It's not, but it's not what everyone expected from reading the brochures. It was marked as a "Heavy Half" with an all new smaller 5L diesel engine coming in lighter and leaner than the 3/4 ton class, but well above the 1/2 ton class. It's got independent front suspension and half floating rear axle like you would find on a half ton.

So it put it in a category of it's own, it would take those interested in the EcoDiesel but figured it was a little lacking in power and performance, but didn't want to jump up to the heavy duty +7000 pound weight class.

Sadly when the rubber hit the road the Titan XD real world tests revealed it actually got ever so slightly worse fuel consumption than the Ram2500 with the 6.7L Cummins. Ontop of that, it's initial release was only in a crew cab 5.5' box which knocked out a lot of interest for tradesmen. Then it's final nail in the coffin was the price, damn thing came in as much if not MORE than a 3/4 ton diesel from a north american manufacturer.

So besides being the new kid on the block, it doesn't have much appeal.


----------



## Deckhead (Dec 9, 2010)

Inner10 said:


> It's not, but it's not what everyone expected from reading the brochures. It was marked as a "Heavy Half" with an all new smaller 5L diesel engine coming in lighter and leaner than the 3/4 ton class, but well above the 1/2 ton class. It's got independent front suspension and half floating rear axle like you would find on a half ton.
> 
> So it put it in a category of it's own, it would take those interested in the EcoDiesel but figured it was a little lacking in power and performance, but didn't want to jump up to the heavy duty +7000 pound weight class.
> 
> ...


After doing a lot more research the xd diesel is a turd. Supposedly guzzles DEF too. The 5.6 has the AISIN tranny and seems to get pretty good reviews. You can get a lot more truck with the Nissan around here than you can an F150. The Cummins is out of the running as far as I'm concerned. One of the things I like about Titan is it is the most American made truck on the market.


----------



## kirkdc (Feb 16, 2017)

NO Chevy guys here? Foreign trucks don't even look like trucks. Ford trucks look like Grampa grocery getters. And Dodges are just plain UGLY.
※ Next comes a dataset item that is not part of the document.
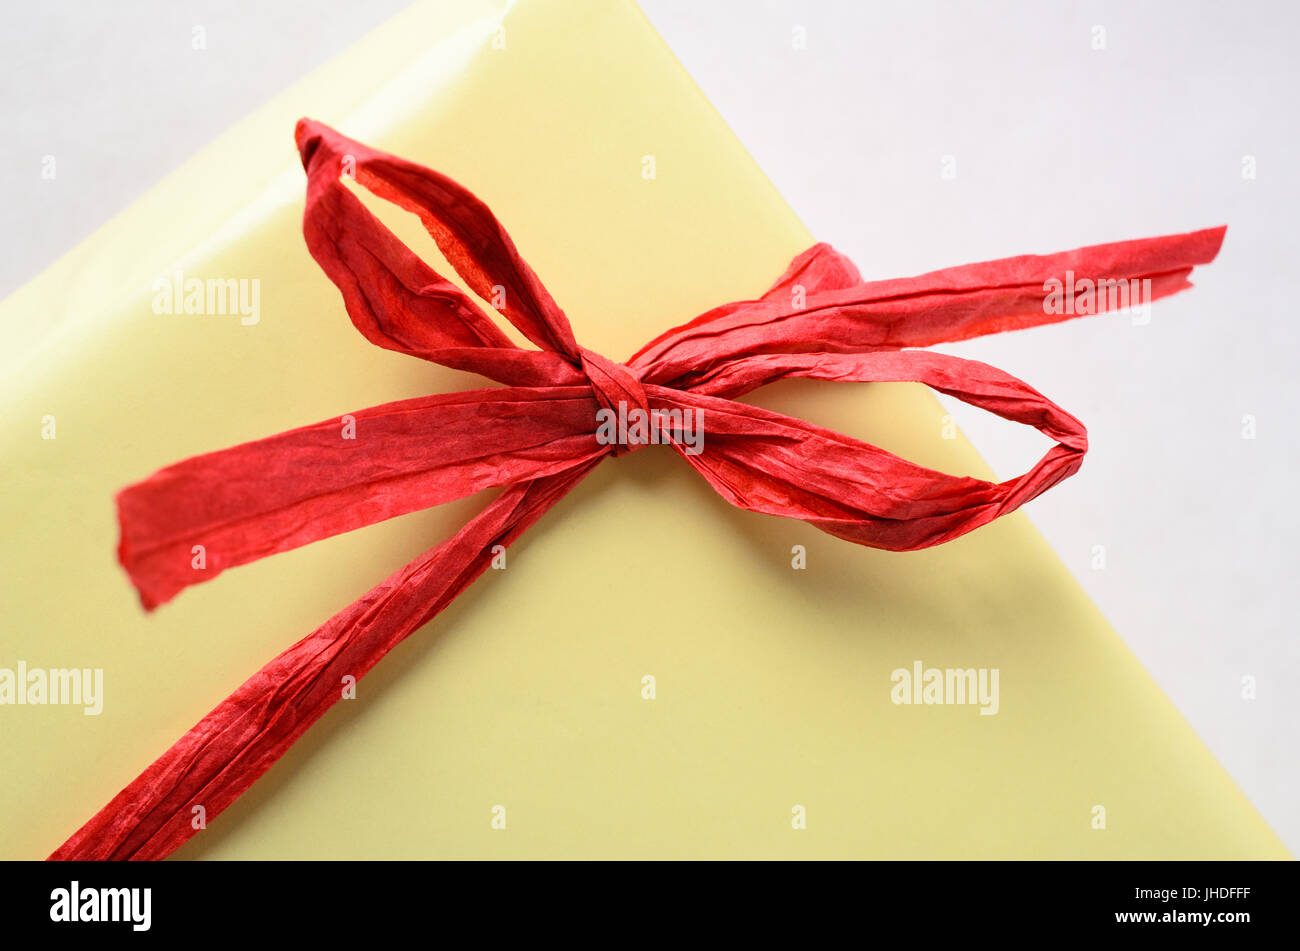 Close up of a tied red raffia bow around a yellow gift wrapped package. Stock Photo

A Chevy screams "TRUCK." Quit fooling around, get a real truck, a Chevy.


----------



## Inner10 (Mar 12, 2009)

kirkdc said:


> NO Chevy guys here? Foreign trucks don't even look like trucks. Ford trucks look like Grampa grocery getters. And Dodges are just plain UGLY.
> 
> A Chevy screams "TRUCK." Quit fooling around, get a real truck, a Chevy.


If it doesn't have a rigid axle in the front it's not a truck. Besides were talking about 1/2 tons here, not trucks.


----------



## A&E Exteriors (Aug 14, 2009)

kirkdc said:


> NO Chevy guys here? Foreign trucks don't even look like trucks. Ford trucks look like Grampa grocery getters. And Dodges are just plain UGLY.
> 
> A Chevy screams "TRUCK." Quit fooling around, get a real truck, a Chevy.


----------



## Deckhead (Dec 9, 2010)

I had a Chevy once. Never will buy one again. I have no brand loyalty but I do have one brand I'll never buy.


----------



## MOC (Mar 14, 2017)

I am not brand loyal either, and I've had Chevrolets that were OK. But I wouldn't buy anything now that had to be bailed out by taxpayers to stay in business.

Let capitalism work!!


----------